Dynamically reallocating computing resources to handle bursty workloads is a common practice for web applications (e.g., e-commerce) in clouds. However, our empirical analysis on a standard n-tier benchmark application (RUBBoS) shows that simply scaling an n-tier application by reallocating hardware resources without fast adapting soft resources (e.g., server threads, connections) may lead to large response time fluctuations.

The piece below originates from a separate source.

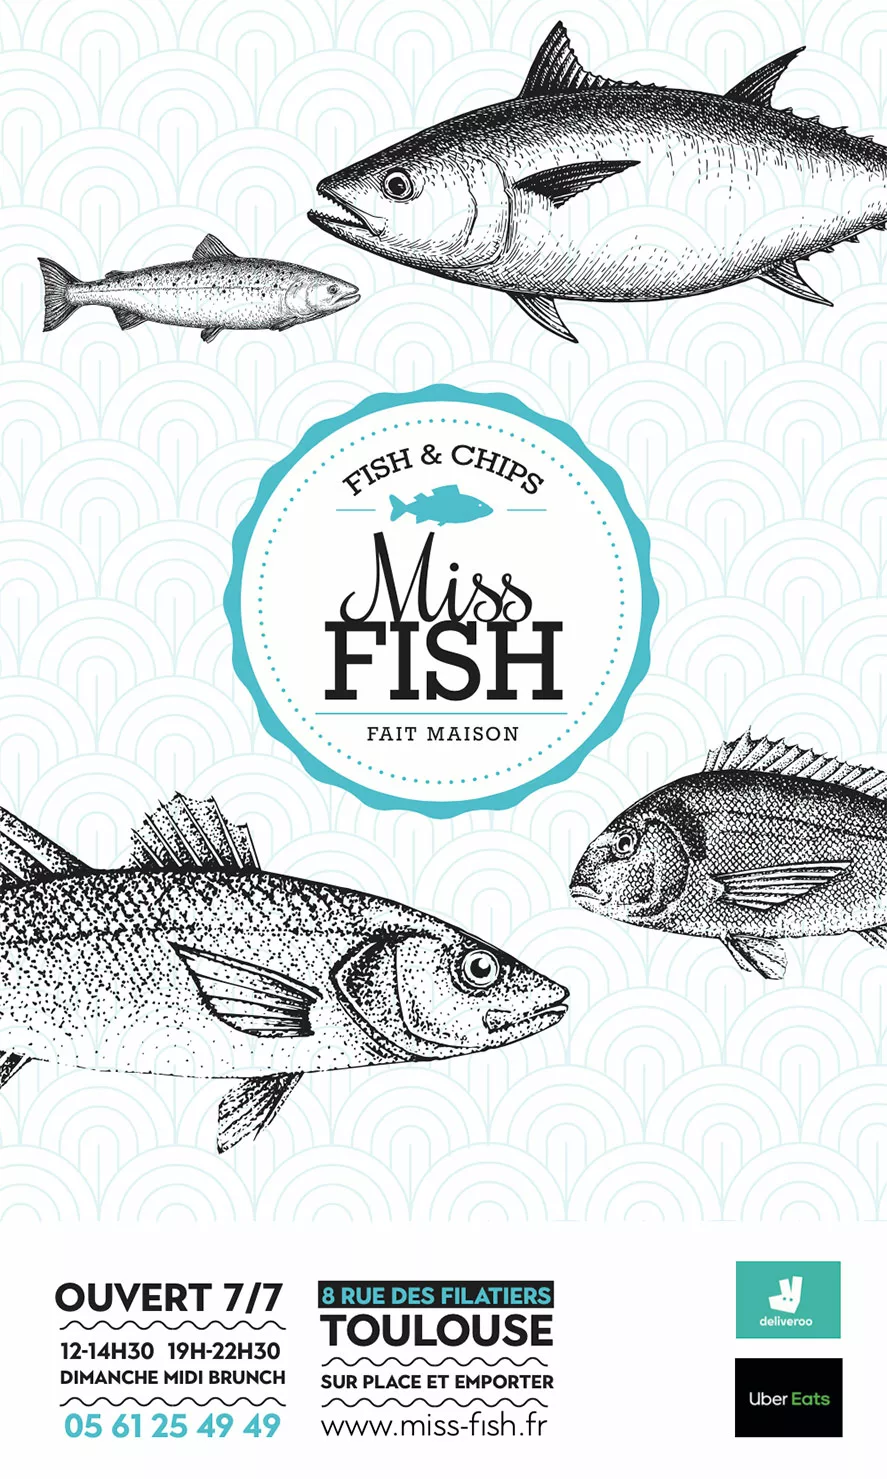 couverture de menu miss fish restaurant

This is because soft resources control the workload concurrency of component servers in the system: adding or removing hardware resources such as Virtual Machines (VMs) can implicitly change the workload concurrency of dependent servers, causing either under- or over-utilization of the critical hardware resource in the system. To quickly identify the optimal soft resource allocation of each server in the system and stabilize response time fluctuation, we propose a novel Scatter-Concurrency-Throughput (SCT) model based on the monitoring of each server’s real-time concurrency and throughput. We then implement a Concurrency-aware system Scaling (ConScale) framework which integrates the SCT model to fast adapt the soft resource allocations of key servers during the system scaling process. Our experiments using six realistic bursty workload traces show that ConScale can effectively mitigate the response time fluctuations of the target web application compared to the state-of-the-art cloud scaling strategies such as EC2-AutoScaling.
通过云中的快速并发适应减轻大的响应时间波动
动态重新分配计算资源来处理突发工作负载是云中的web应用程序(例如电子商务)的常见做法。然而,我们对标准n层基准应用程序(RUBBoS)的实证分析表明,仅仅通过重新分配硬件资源来扩展n层应用程序,而不快速适应软资源(例如,服务器线程,连接)可能会导致响应时间波动很大。这是因为软资源控制着系统中组件服务器的工作负载并发性:添加或删除硬件资源(如虚拟机)可以隐式地改变依赖服务器的工作负载并发性,从而导致系统中关键硬件资源的使用不足或过度。为了快速识别系统中各服务器的最佳软资源分配和稳定响应时间波动,我们提出了一种基于监控各服务器实时并发和吞吐量的SCT (Scatter-Concurrency-Throughput)模型。然后,我们实现了一个并发感知系统扩展(ConScale)框架,该框架集成了SCT模型,以便在系统扩展过程中快速适应关键服务器的软资源分配。我们使用六个实际突发工作负载跟踪的实验表明,与最先进的云扩展策略(如EC2-AutoScaling)相比,ConScale可以有效地减轻目标web应用程序的响应时间波动。
本文章由计算机程序翻译,如有差异,请以英文原文为准。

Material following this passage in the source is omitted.